What is expected: Within the entries below, please return exactly the lines from the one with "How to Access MQTT Data with ThingsBoard" through the one with "LAND ROVER RANGEROVER", leaving out any pictures.

Entries shown:
+===+

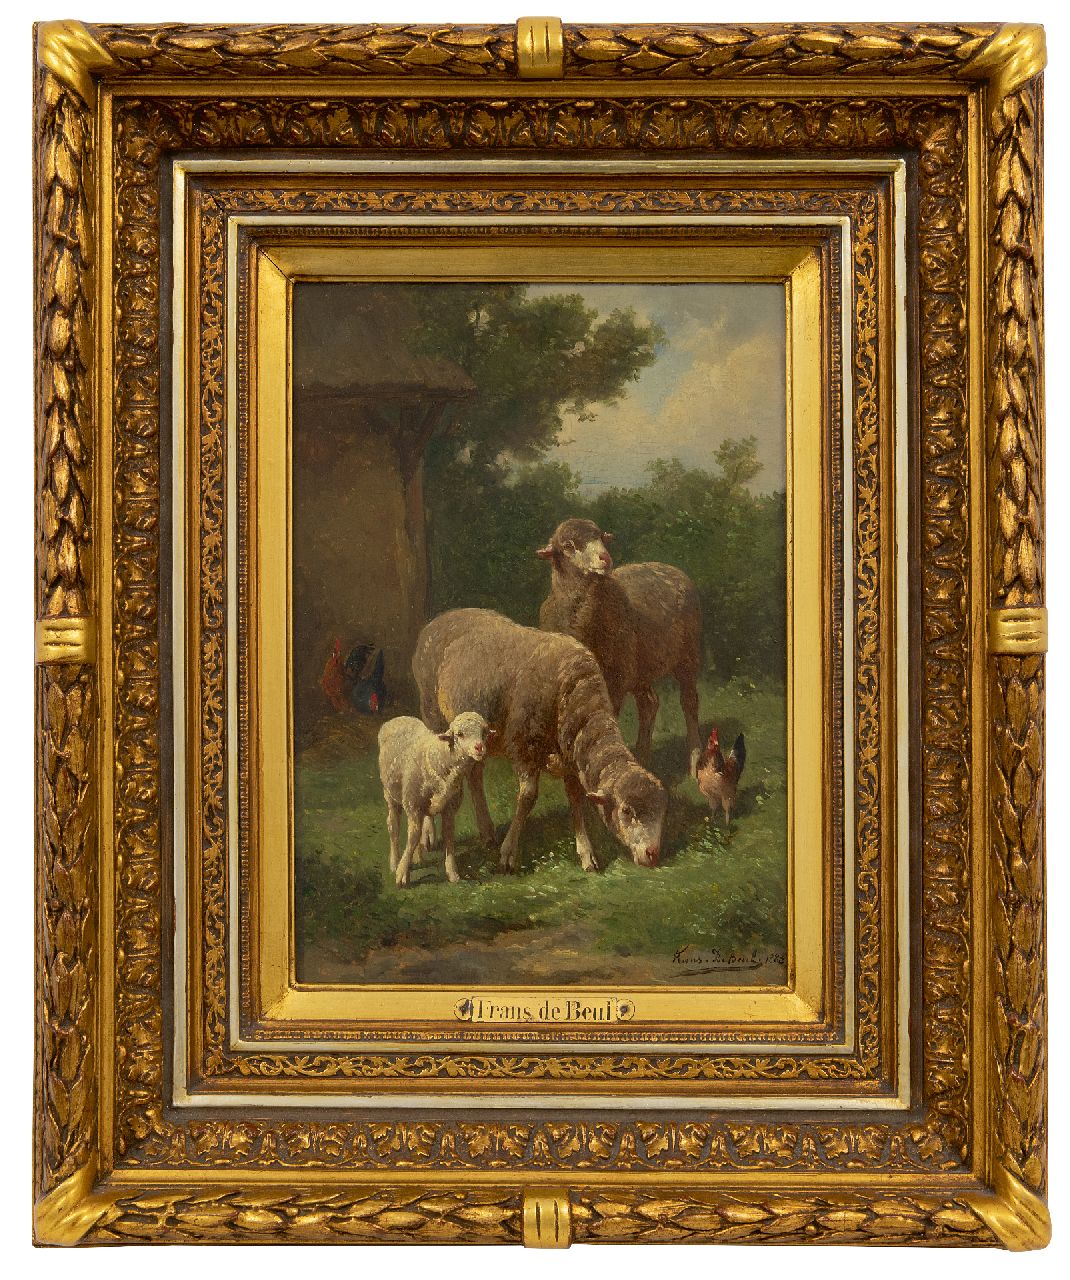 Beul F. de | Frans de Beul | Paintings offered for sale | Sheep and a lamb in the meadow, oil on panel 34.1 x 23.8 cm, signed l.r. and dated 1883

+===+

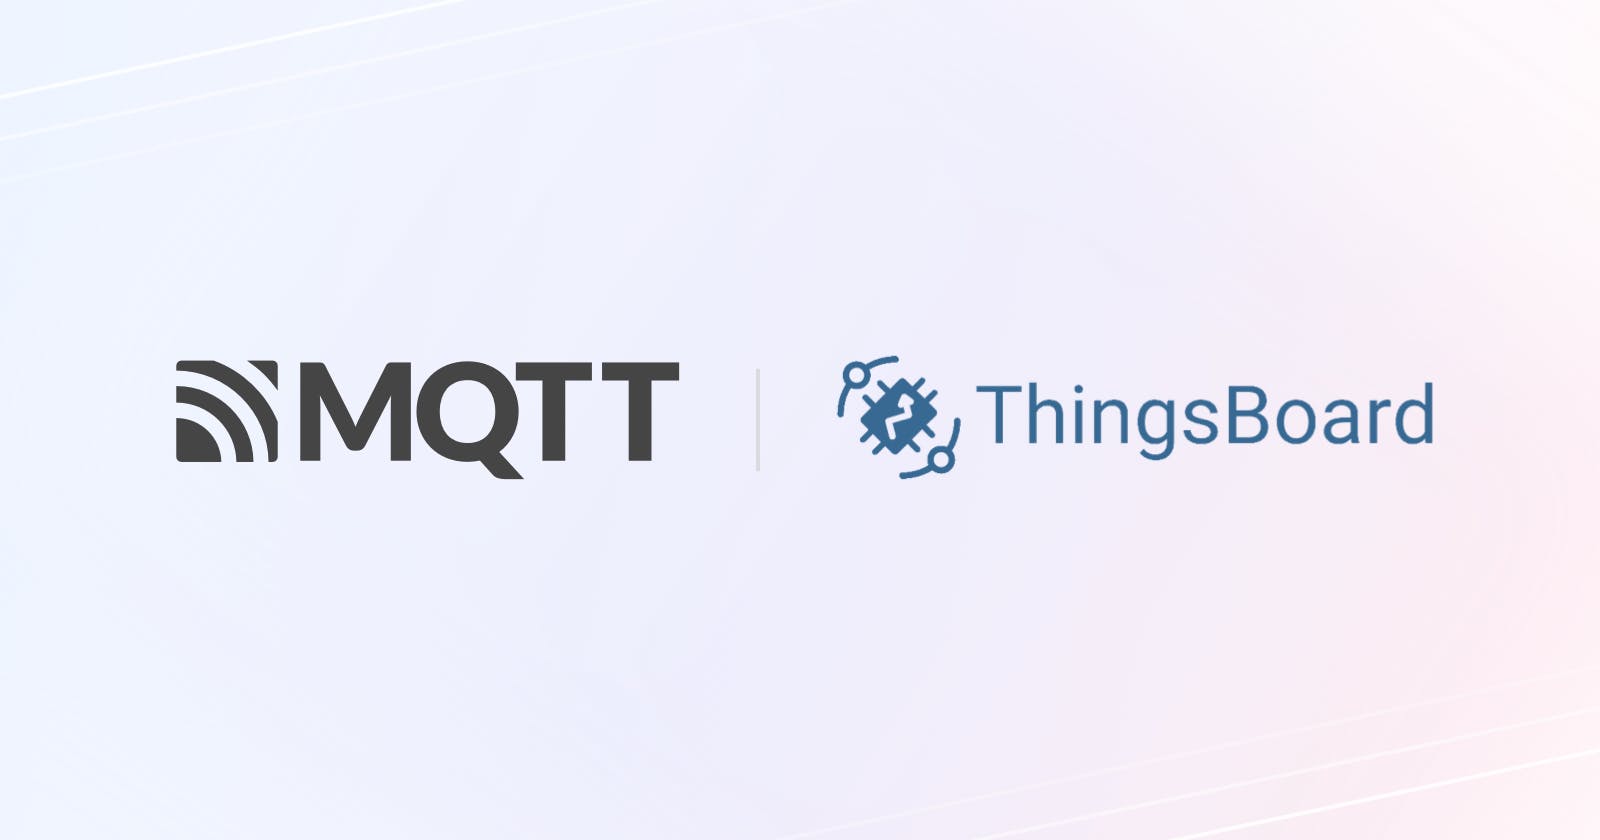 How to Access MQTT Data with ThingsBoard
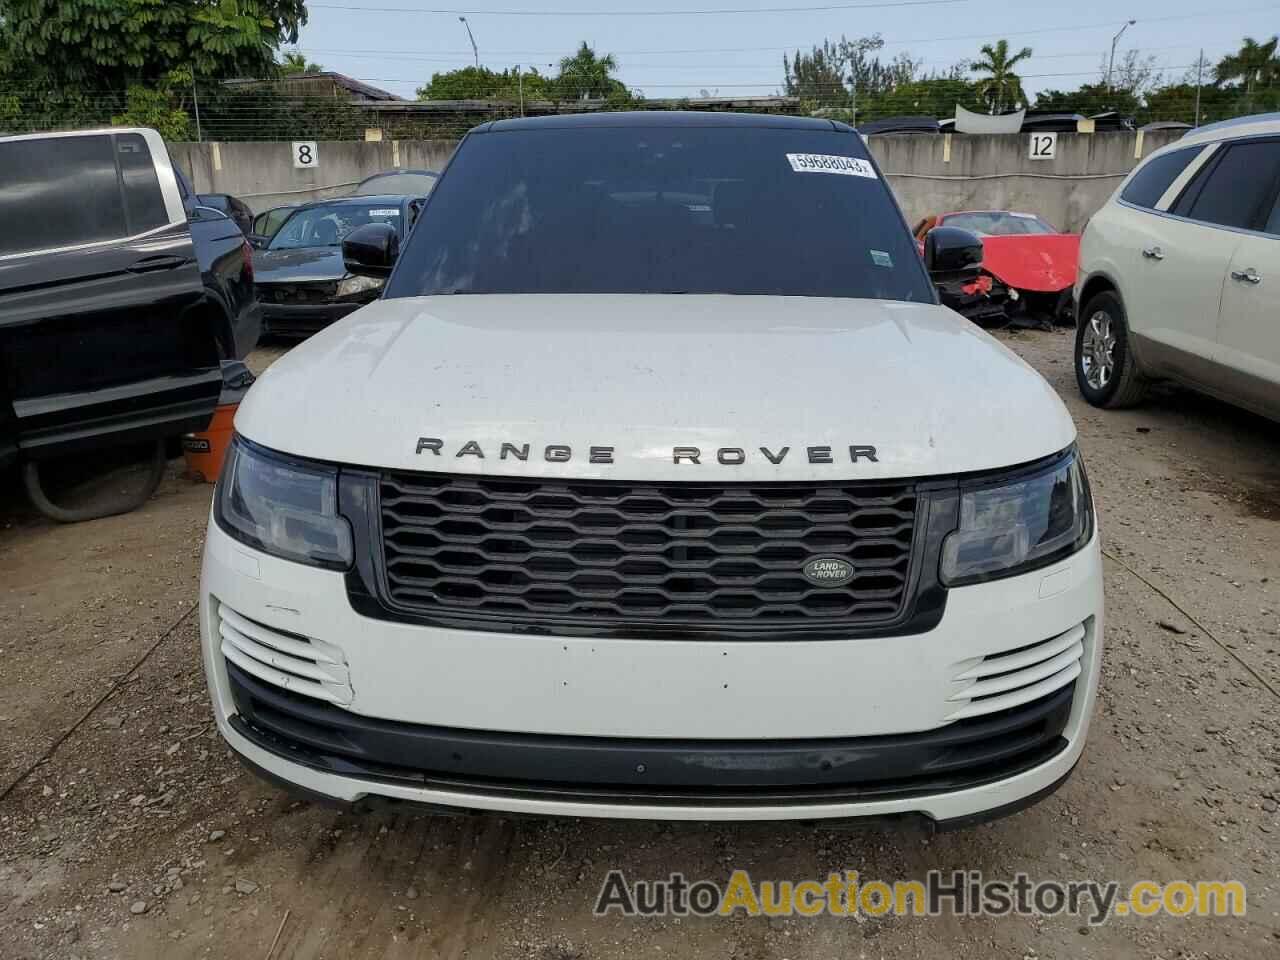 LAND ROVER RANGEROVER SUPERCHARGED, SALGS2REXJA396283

+===+

Reply to the task:
 How to Access MQTT Data with ThingsBoard
 LAND ROVER RANGEROVER SUPERCHARGED, SALGS2REXJA396283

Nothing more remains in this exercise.